By far the most popular form of the sport is the racing of mounted THOROUGHBRED
horses over flat courses at distances from three-quarters of a mile to two
miles. Other major forms of horse racing are harness racing, steeplechase racing,
and QUARTER HORSE racing.
By the time humans began to keep written records, horse racing was an organized
sport in all major civilizations from Central Asia to the Mediterranean. Both
chariot and mounted horse racing were events in the ancient Greek Olympics
by 638 BC, and the sport became a public obsession in the Roman Empire.
The origins of modern racing lie in the 12th century, when English knights
returned from the Crusades with swift Arab horses. Over the next 400 years,
an increasing number of Arab stallions were imported and bred to English mares
to produce horses that combined speed and endurance. Matching the fastest of
these animals in two-horse races for a private wager became a popular diversion
of the nobility.
Horse racing began to become a professional sport during the reign (1702-14)
of Queen Anne, when match racing gave way to races involving several horses
on which the spectators wagered.
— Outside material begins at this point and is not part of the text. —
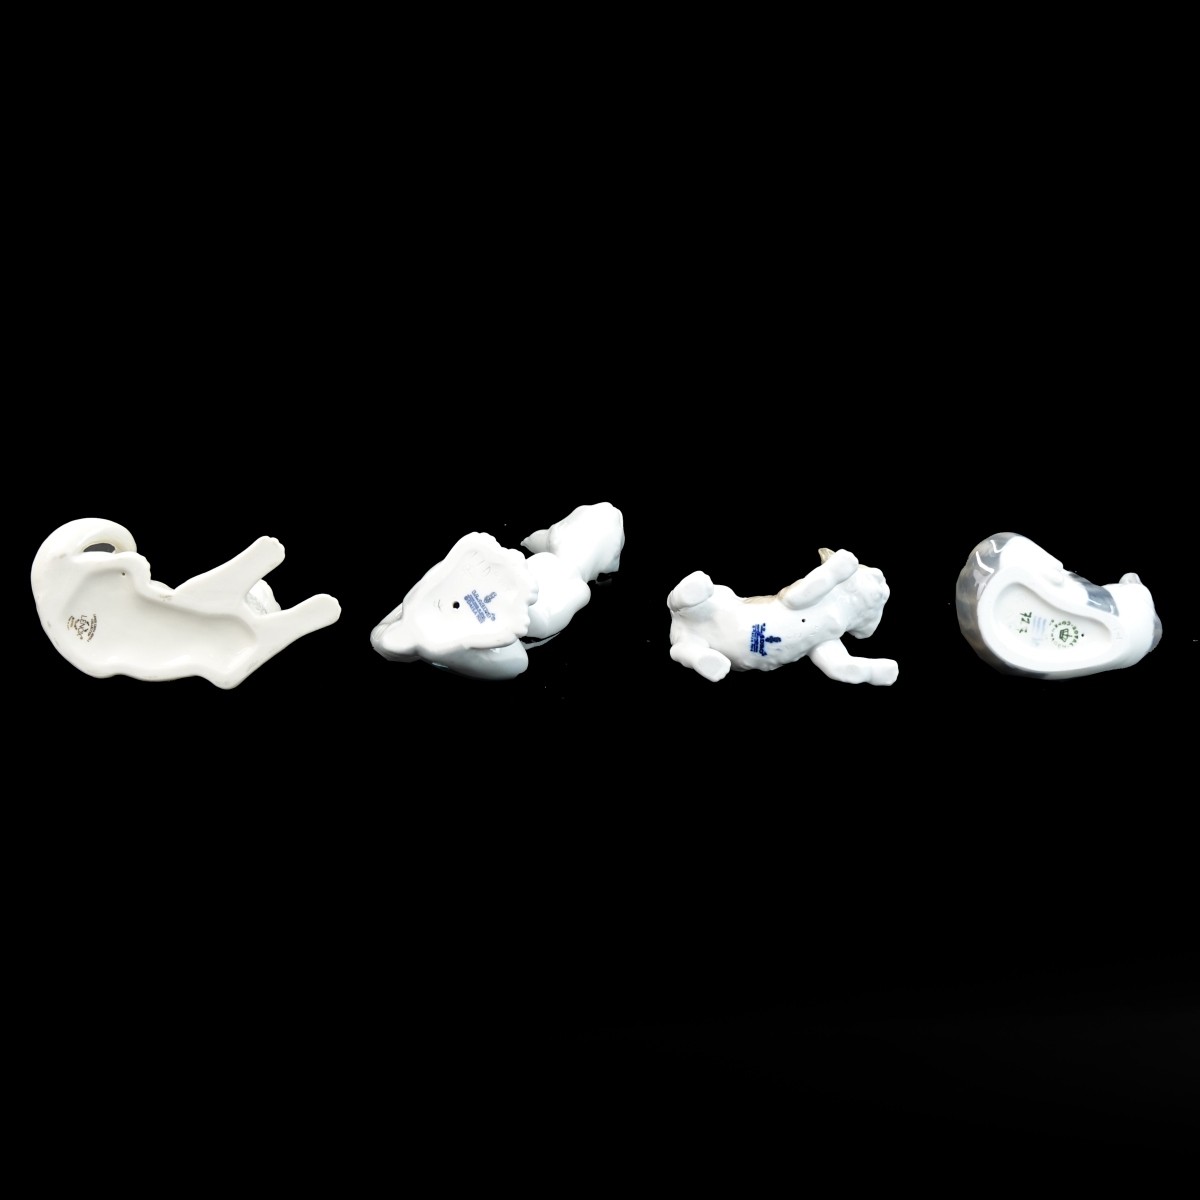 Four Playful Porcelain Cat Figurines

Racecourses sprang up all over England, offering
increasingly large purses to attract the best horses. These purses in turn
made breeding and owning horses for racing profitable. With the rapid expansion
of the sport came the need for a central governing authority. In 1750 racing's
elite met at Newmarket to form the Jockey Club, which to this day exercises
complete control over English racing.
The Jockey Club wrote complete rules of racing and sanctioned racecourses
to conduct meetings under those rules. Standards defining the quality of races
soon led to the designation of certain races as the ultimate tests of excellence.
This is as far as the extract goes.